Current location - Recipe Complete Network - Complete cookbook of home-style dishes - Twenty practices of cantonese cuisine
Twenty practices of cantonese cuisine
Cantonese cuisine, namely Cantonese cuisine, is one of the four major cuisines and eight major cuisines in China. Cantonese cuisine in a narrow sense refers to guangzhou fu cuisine, while Cantonese cuisine in a broad sense includes Chaozhou cuisine (Chaoshan cuisine) and Dongjiang cuisine (also known as Hakka cuisine) [2]. Cantonese cuisine originated from the Central Plains and inherited the Central Plains food style advocated by Confucius [1], so Cantonese cuisine is more complicated and meticulous, such as the clay pot rice in Guangfu cuisine and the roast suckling pig originated from the "eight treasures" food of the Zhou Dynasty; Roasted goose originated from roast duck, a famous dish in Song Dynasty. After dim sum spread from the Central Plains to Guangdong, it evolved into Guangdong dim sum such as shrimp dumplings and dry steamed dumplings. [3-6]

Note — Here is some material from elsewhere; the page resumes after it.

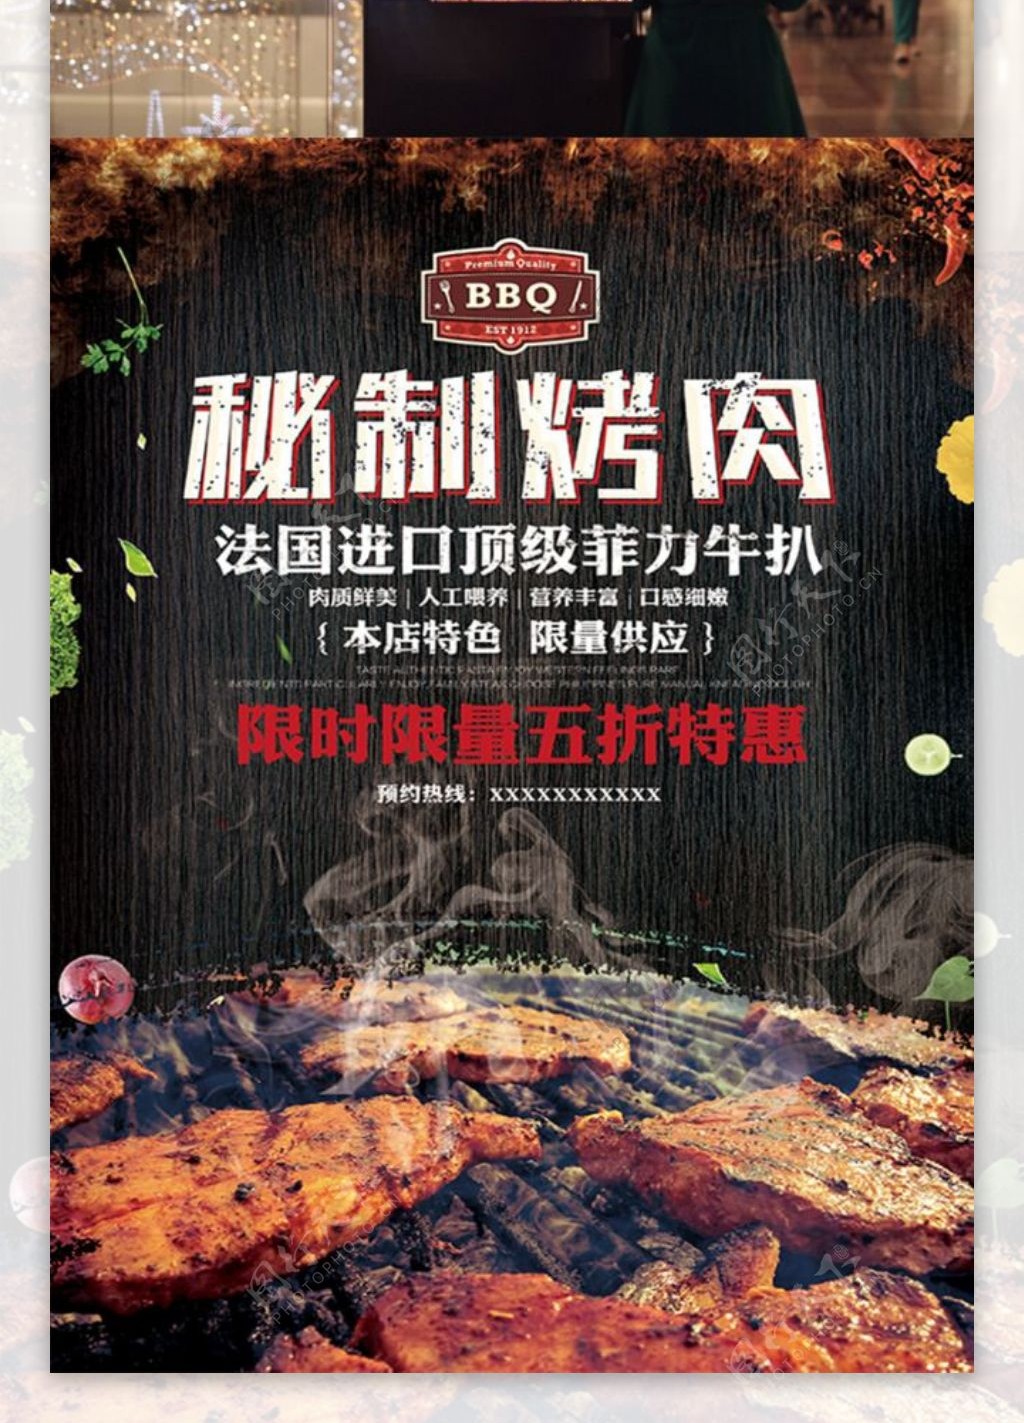 BBQ烧烤烤肉美食促销海报

Guangfu cuisine covers the Pearl River Delta, Shaoguan, Zhanjiang and other places, and has the characteristics of freshness, freshness, tenderness and smoothness, with excellent "five flavors" and "six flavors". Guangfu cuisine is a representative of Cantonese cuisine. Since ancient times, it has been known as "Eat in Guangzhou, cook in Fengcheng (Shunde)" and "Eat in Guangzhou, taste in Xiguan" [1-2]. Shunde has been awarded the title of "Food Capital" in the world by UNESCO. [43]

Chaozhou cuisine originated in Chaoshan, Guangdong. Chaozhou cuisine is the backbone and representative of Cantonese cuisine. [7-8] There is also a saying that "food is in Guangzhou and taste is in Chaozhou". [9] Won the gold medal in the 5th National Cooking Technology Competition in 2004, [10]20 10 represented Cantonese cuisine in the Shanghai World Expo, and 20 12 represented China cuisine in the Yeosu World Expo. Chaozhou 20 14 was selected by China Radio International as the "Best China Food City Recommended by Global Netizens". [ 1 1- 12]

Guangdong Hakka cuisine is mainly popular in Meizhou, Huizhou, Heyuan, Shaoguan, Shenzhen and other places, including Meijiang, Dongjiang and Beijiang river basins. [13] Hakka cuisine can be subdivided into "mountain system", "water system" and "individual cuisine". Hakka cuisine in the mountain system is distributed in Meizhou and other places, while the water system refers to Dongjiang cuisine. [14] Meizhou is the hometown of Hakka cuisine [15], and Hakka cuisine is represented by Dongjiang cuisine. Most dishes are meat, and few are aquatic. The main ingredients are outstanding, paying attention to fragrance, weight and saltiness. Casserole dishes are good at and have strong local flavor.